I value the fact that by the time I got to secondary school, I had my personal account with this bank. This bank used to have mobile branches and I vividly remember those T35 trucks that were nicely branded to match the banking standards then. The service was exceptional and you always felt like you were in a “real” bank.

Fastforward two decades later, the same bank doesn’t look like the old bank that used to go deep down into the rural areas to serve customers. I don’t know what happened to the mobile banking halls but I am of the opinion that they are more relevant now than they were then. Coincidentally, it is more than two decades ago since Bill Gates notably said that “banking is necessary, banks are not”. In other words, he was saying people need banking but not the brick and mortar infrastructure.

The truth of the matter is banks will never go anywhere, but recent developments in the industry have shown that non-banking institutions like telecommunications companies are just as capable of offering banking services. The results have shown that banks that continue to be traditional not only in Zimbabwe but the world over, continue to suffer from diminishing profitability.
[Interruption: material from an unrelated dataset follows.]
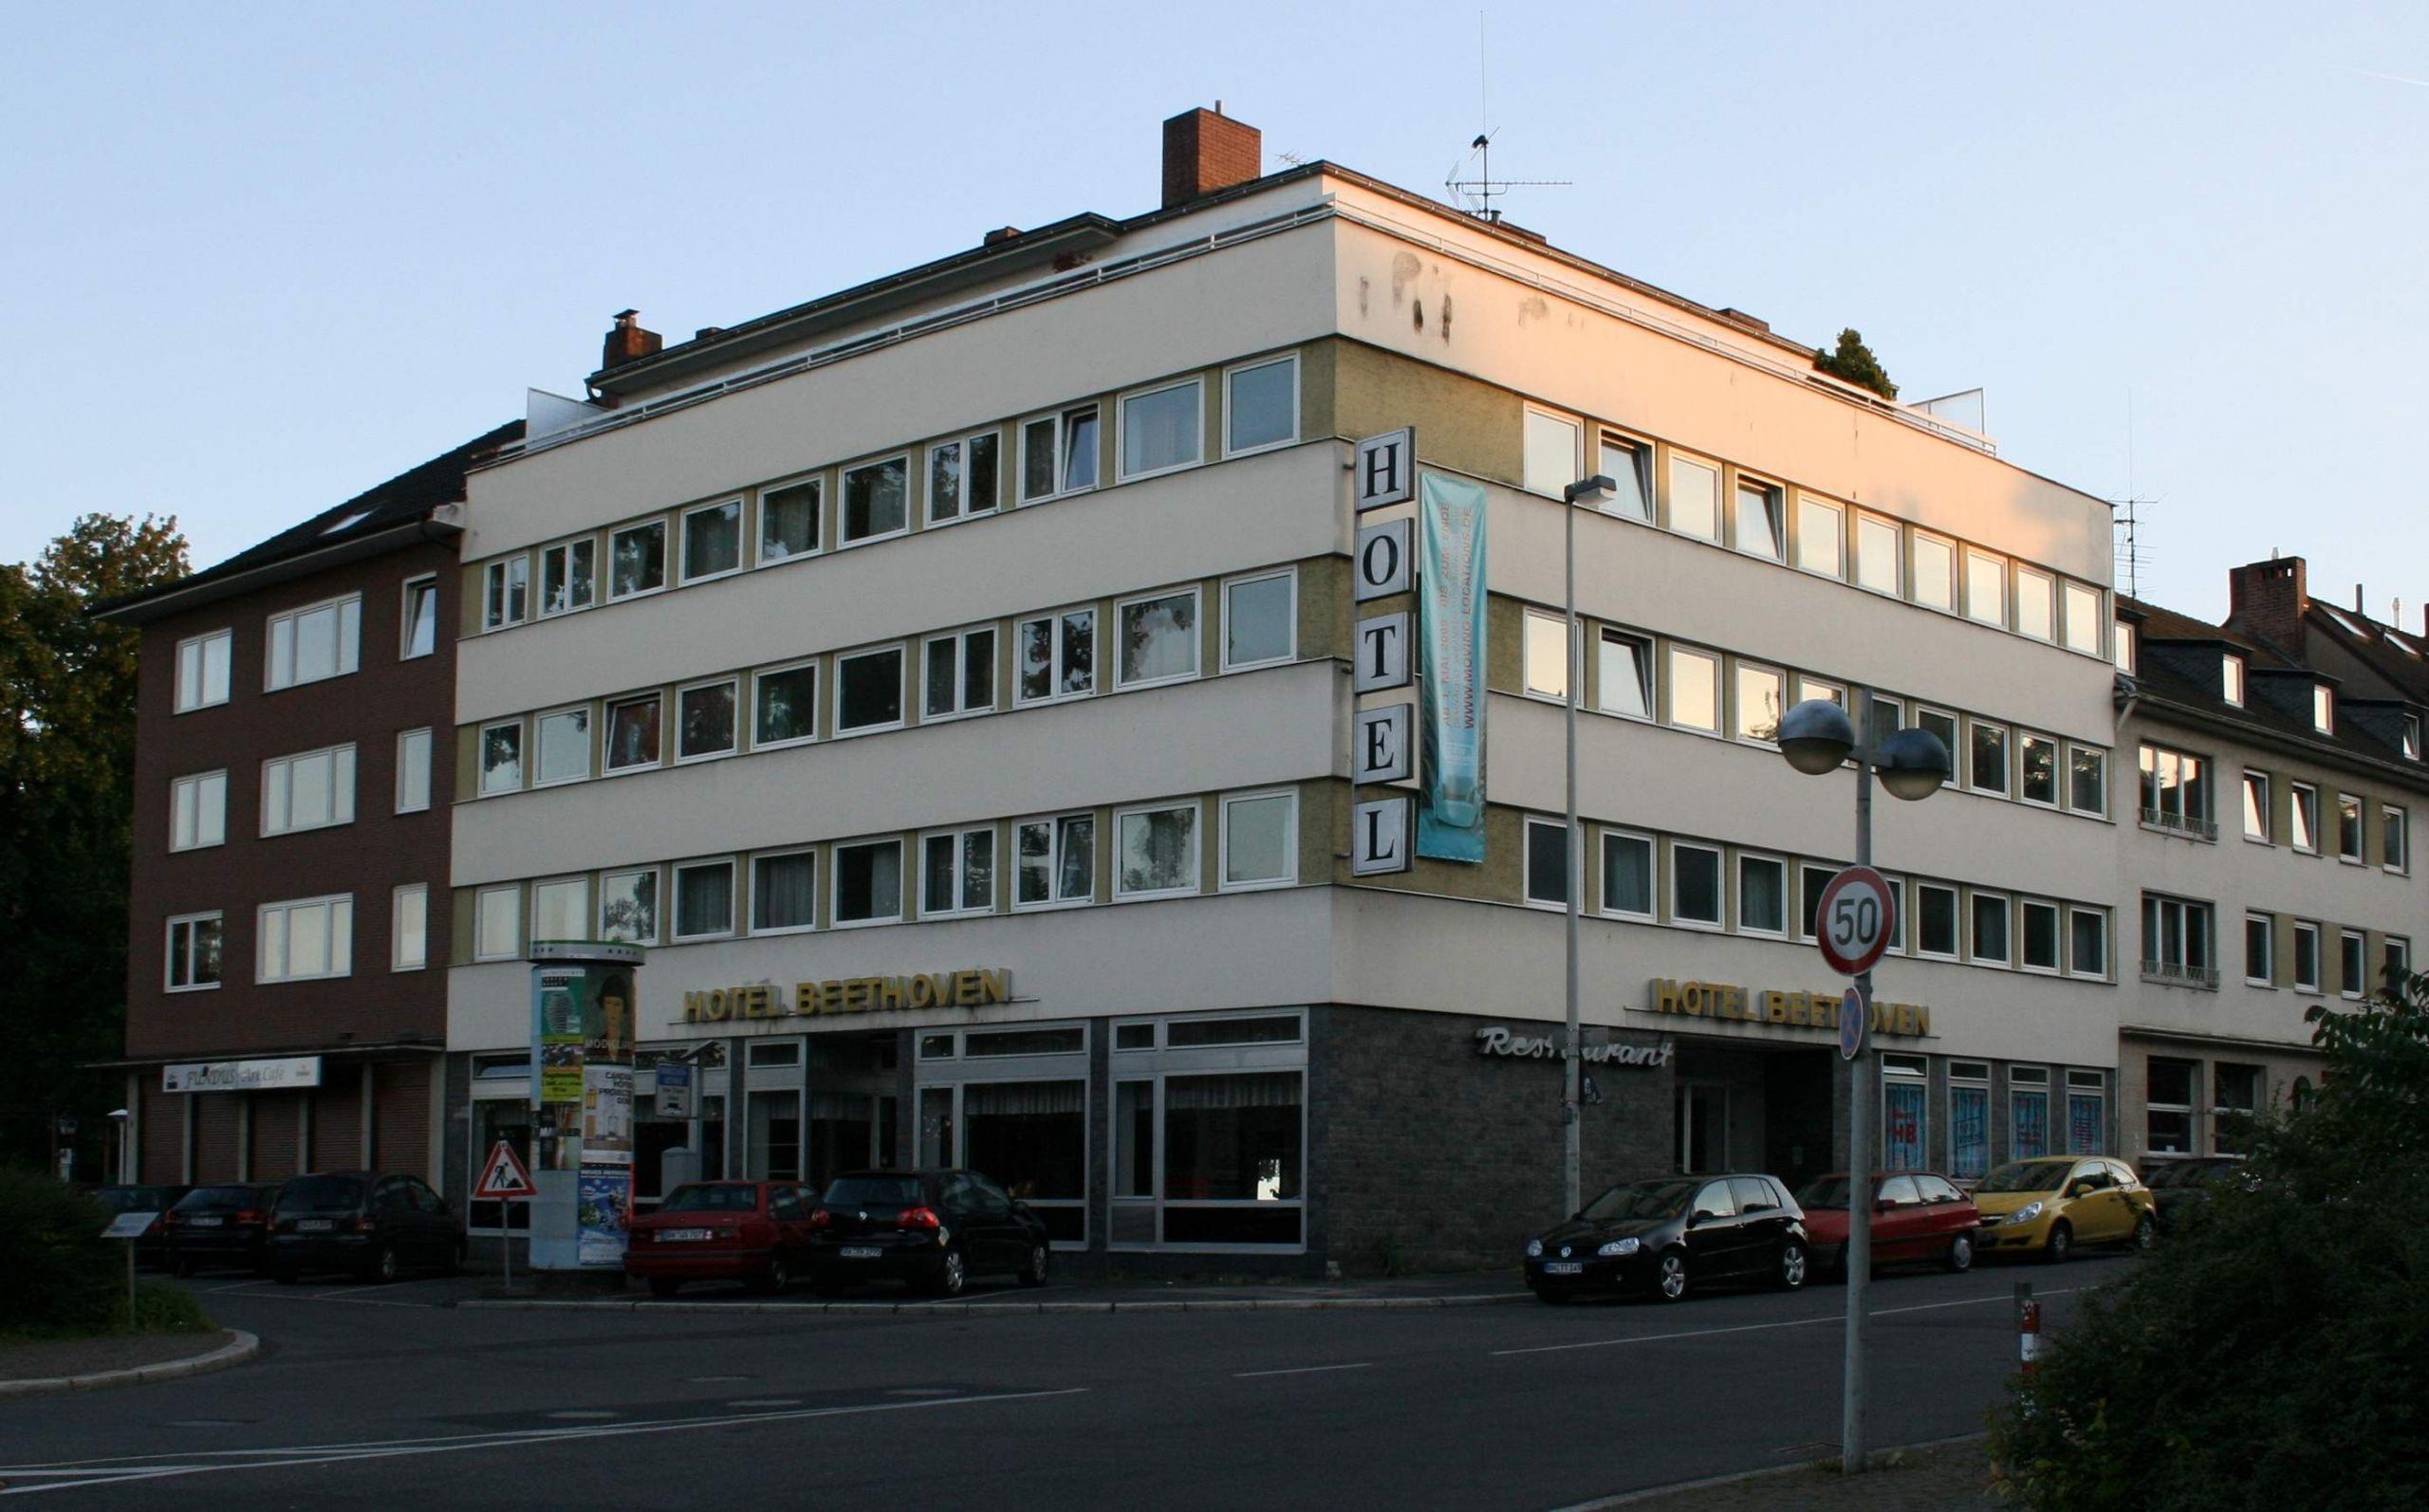 Hotel Garten Bonn Einzigartig Datei 2009 06 01 Bonn Rheingasse 26 Ehem Hotel Beethoven
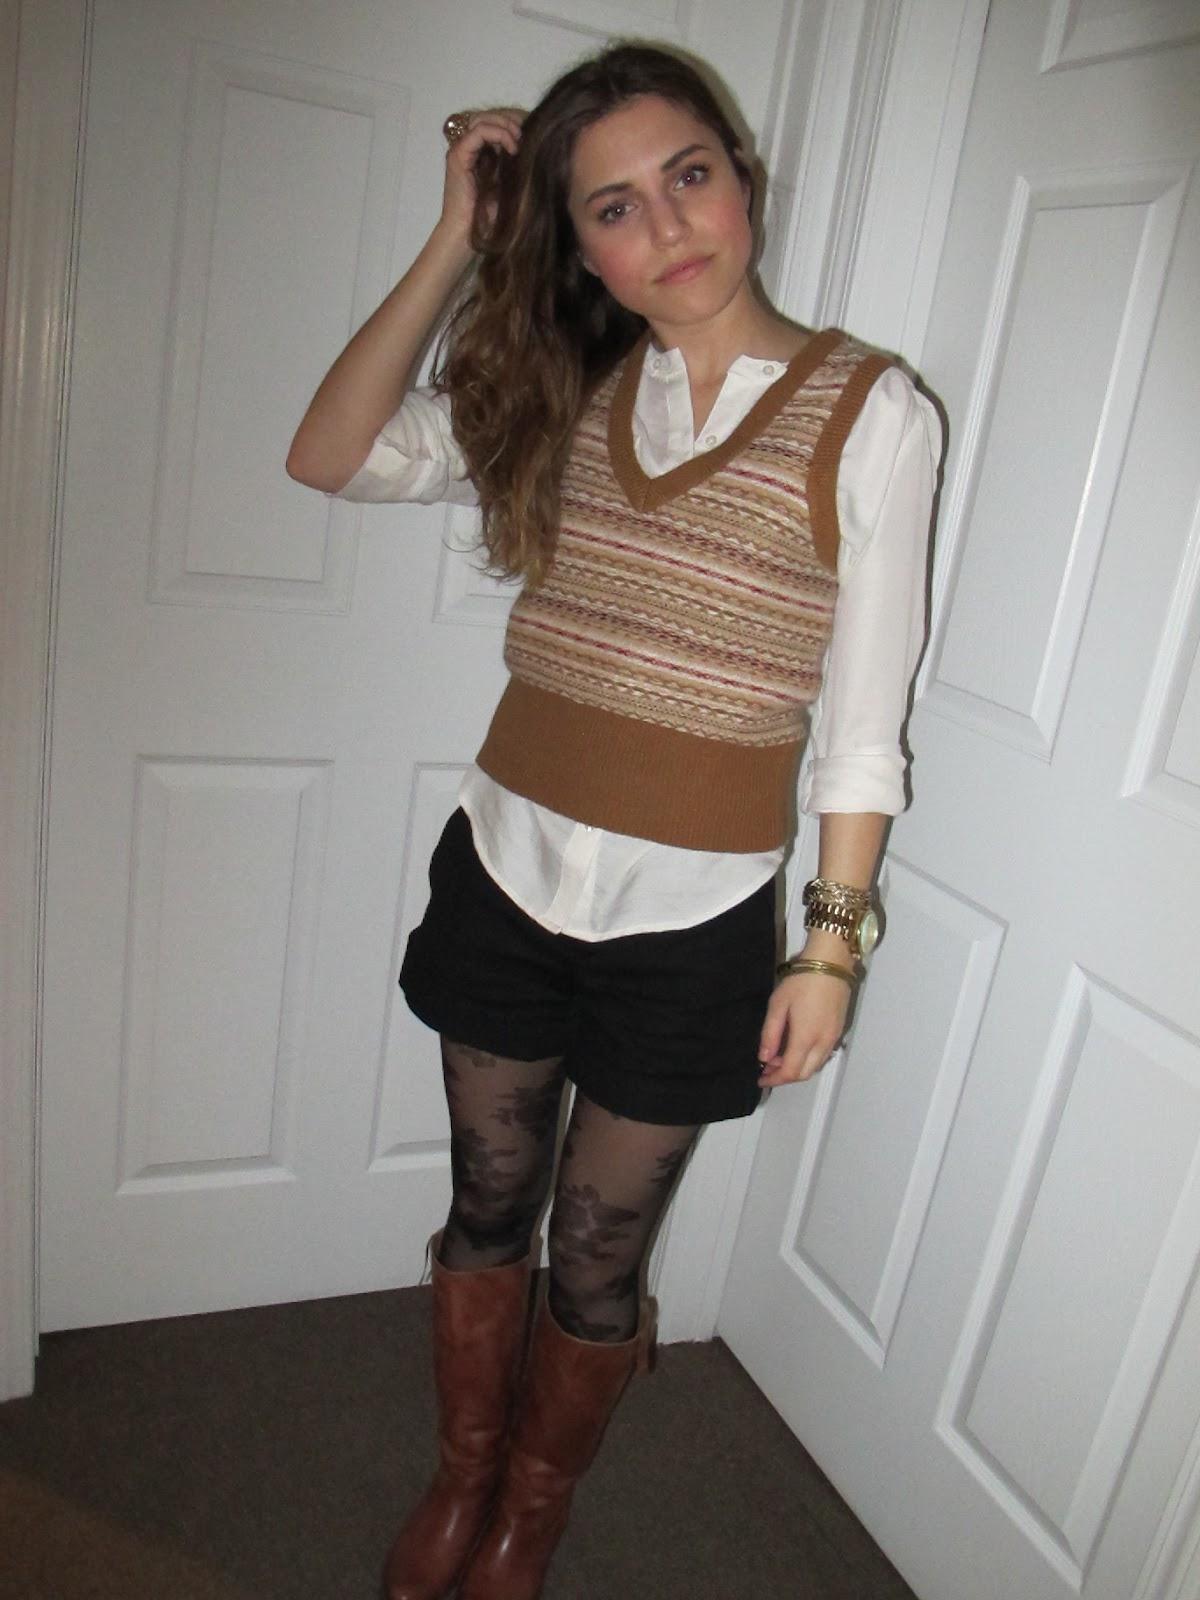 BOTTOM ROCKER: The Jackie Burkhart Sweater Vest

Profitability is affected by the low-interest-rate environment and low savings culture, especially in Zimbabwe. The problem is exacerbated by disintermediation; this is obviously the other side of the intensifying competition coming from digital finance and mobile money.

Agency banking

Banks that have survived this declining profit environment have done so through changing their models. The majority of those that have had notable positive developments, have opted for agency banking. There are two ways in which the banks have managed this.

One way is to integrate with a mobile money service provider and make use of their existing agents, thereby decongesting the banking halls, at the same time providing service conveniently to their valued customers.

The second is where a bank like my old bank, would have more mobile branches. These are cost effective and a positive way of making sure banking is truly inclusive. Strange as it may sound, the old ways of doing things are now relevant again. Across the Limpopo, FNB in 2016 introduced the mobile banking units and these are shipping containers which were transformed to become fully functional bank branches, with infrastructure such as an ATM and a deposit taking capability. This reminds me of those lorry buses that we used as internet cafes in the ghetto.

In the national financial inclusion strategy document the Reserve bank of Zimbabwe supports the agent banking model. The apex bank recognises that agent banking and digital banking are efficient, convenient and cost-effective delivery channels for financial products and services.

I’m hoping 2017 is the year of the agent banks, mobile branches as well as bank integrations to take advantage of the existing mobile money agents.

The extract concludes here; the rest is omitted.